A house lasts forever, so why don't roofs? Why do roofs only last around 20yrs before they need to be replaced?


----------



## roofermann (Jul 7, 2012)

3ifj39j9 said:


> A house lasts forever, so why don't roofs? Why do roofs only last around 20yrs before they need to be replaced?


Some do, like real slate or true standing seam metal. Blame the popularity of asphalt shingles. New home builders love them, cheap and quick to install.


----------



## 3ifj39j9 (Dec 9, 2021)

roofermann said:


> Some do, like real slate or true standing seam metal. Blame the popularity of asphalt shingles. New home builders love them, cheap and quick to install.


But they don't last. Is there anything cheap that lasts?


----------



## roofermann (Jul 7, 2012)

Cheap and durable is not a combo found in roofing systems


----------



## Lawrence Roofing (Dec 13, 2021)

I am not sure I would agree that "houses last forever." but they do last a long time with upkeep and replacement of things when they need it. Hence the replacement of roofs after they wear out. A house is simply a collection of systems, including a roof being one of those systems... you over time will update systems within your house (new windows, new electrical, new plumbing) as the house ages and new technologies become available. 

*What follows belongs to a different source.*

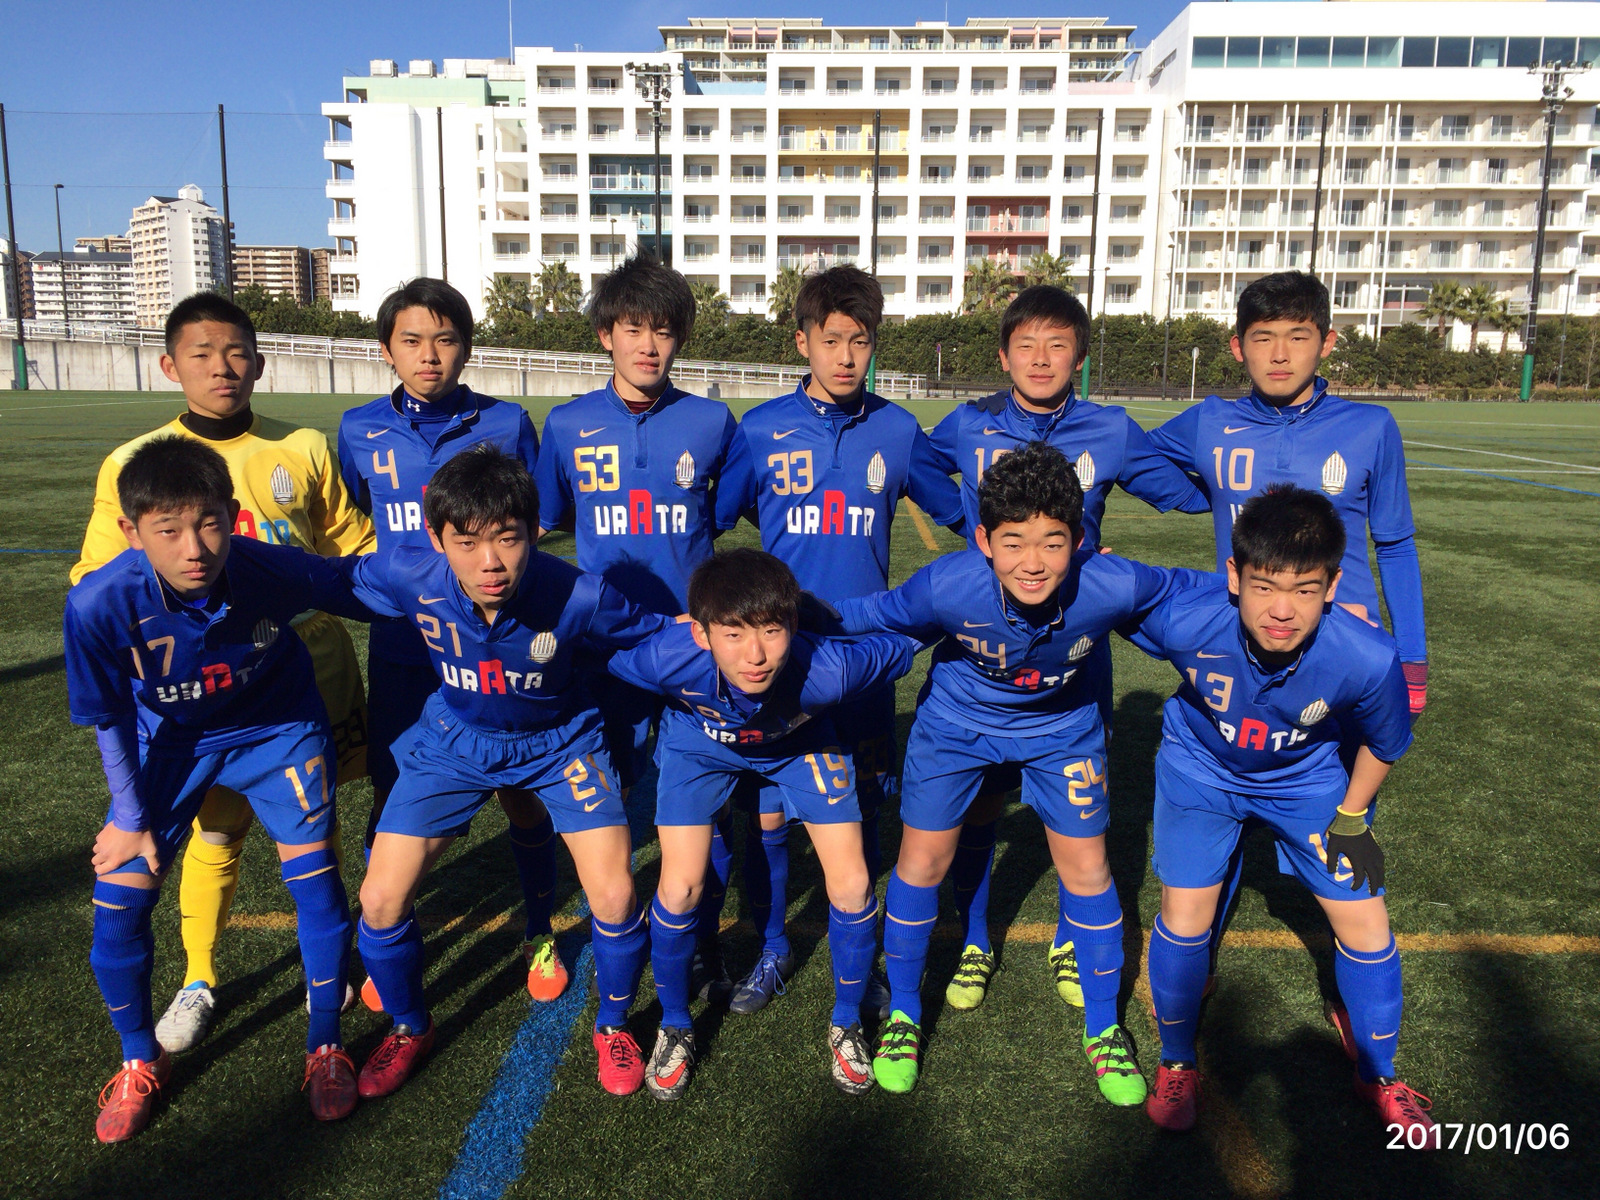 【U18】KCYリーグ1次予選 第2節結果【公式戦】
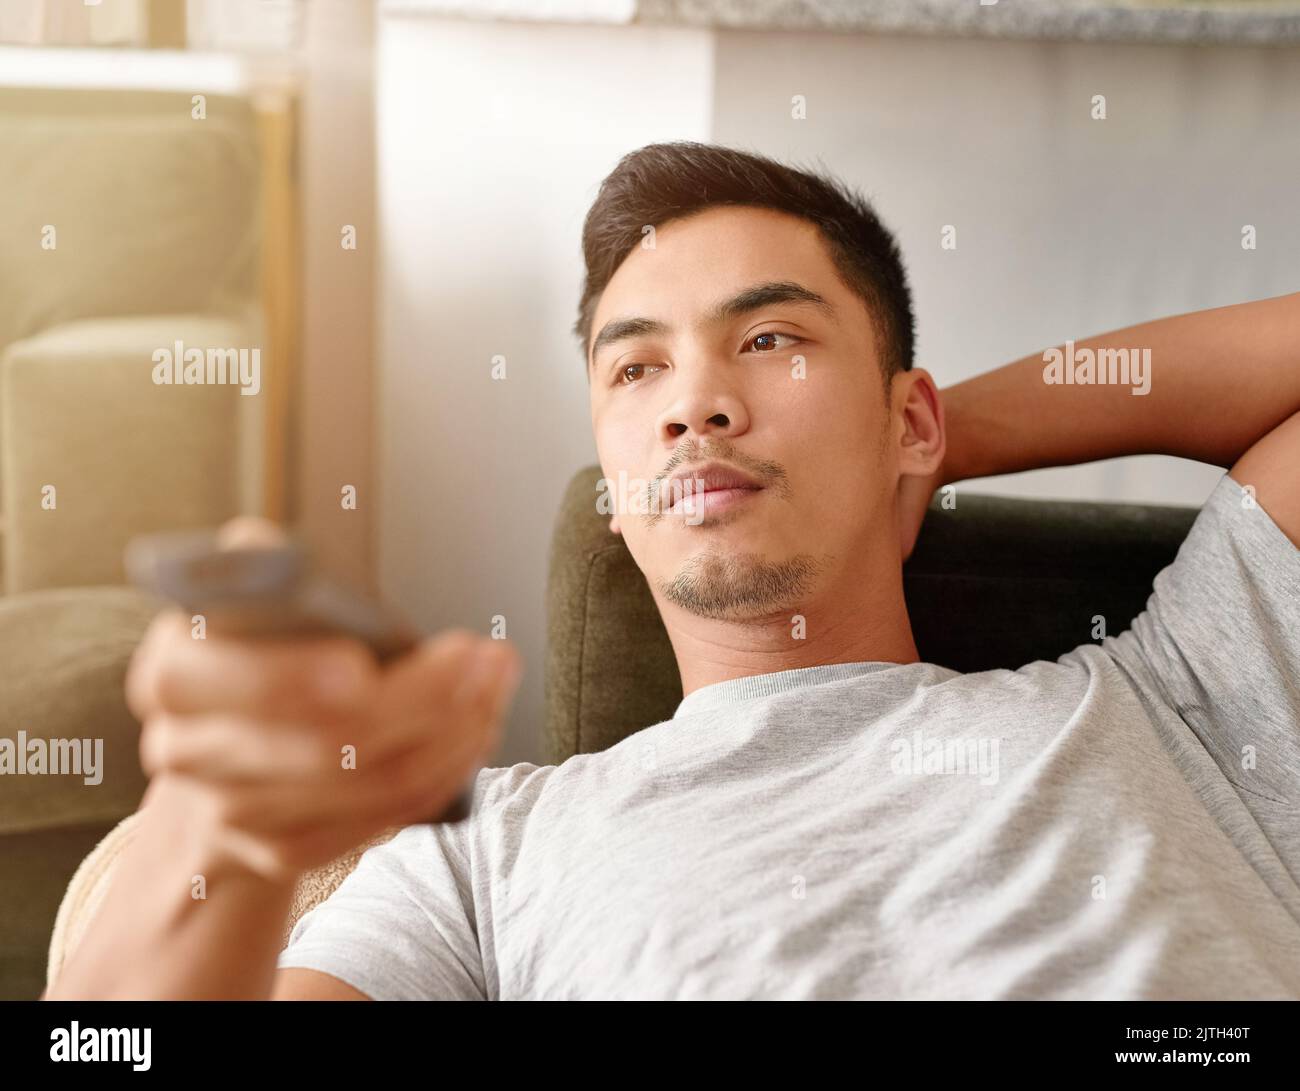 Samstags sind seine Couch Potato Tage. Ein junger Mann mit einer Fernbedienung, um den Kanal auf seinem Fernseher zu ändern, während er auf der Couch liegt. Stockfoto

The only reason a house would "last forever" would be because of good upkeep, and repairing or replacing your roof is part of that upkeep.


----------



## RooferE (Jan 10, 2022)

Roofs take all the damage, you studs and sheetrock aren't hit by UV rays 12 hours a day or go thru freeze and thaw cycles, or get rain, hail, sleet, snow. The roof is what protects your house.


----------